Contact our dealing desk to discuss your volume requirements and receive a sample price comparison against your current FX provider.

Frequently Asked Questions

What is OTC currency trading in simple terms?

OTC currency trading allows trading directly between two parties without using a centralised exchange. This offers flexibility and often better pricing, making it ideal for high-volume traders and institutions managing large transactions.

Why do African institutions prefer OTC currency trading?

African institutions prefer OTC currency trading due to its ability to handle large volumes efficiently, offering better pricing, and mitigating the risks of illiquidity often found in exchange-traded FX markets.

How does OTC currency trading work in Africa?

OTC currency trading in Africa operates through a network of banks and financial institutions that facilitate the exchange of currencies directly between buyers and sellers, offering tailored proposals and competitive rates.

Are there risks to OTC currency trading?

Yes, OTC currency trading involves counterparty risks as transactions are not conducted on a centralised exchange. However, these can be mitigated through due diligence and trading with reputable institutions.

How do OTC markets benefit high-volume traders?

OTC markets benefit high-volume traders by providing the capacity to execute large transactions without causing significant price fluctuations, ensuring more favourable and stable pricing.

Is OTC currency trading regulated?

OTC currency trading is less regulated than exchange-traded markets, but it adheres to guidelines set by financial authorities, requiring traders to rely more on institutional trust and reputation.

What are the main features of OTC trading platforms?

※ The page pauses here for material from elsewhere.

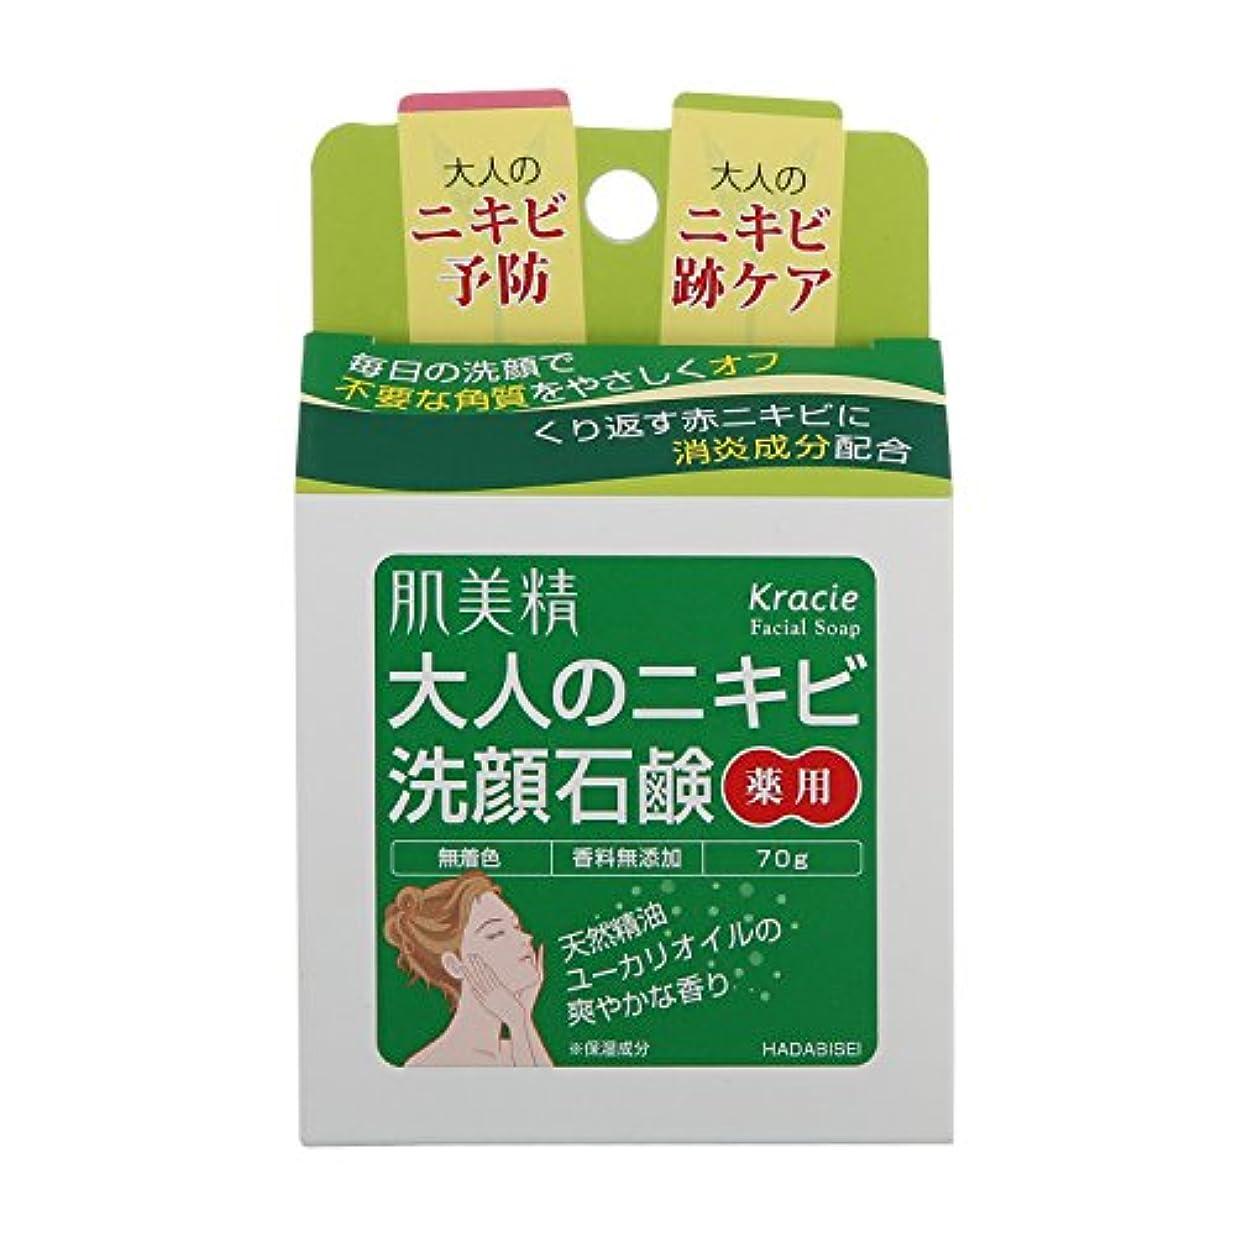 苗キウイ聖域肌美精 大人のニキビ 薬用洗顔石鹸 70g  [医薬部外品]

OTC trading platforms offer customised trading experiences with features like real-time pricing, lower transaction costs, anonymity, and the ability to handle complex and large trades efficiently.

Can individuals participate in OTC currency trading?

Individuals can participate in OTC currency trading, although it is more commonly used by institutions and high-volume traders due to its sophisticated nature and the need for substantial capital.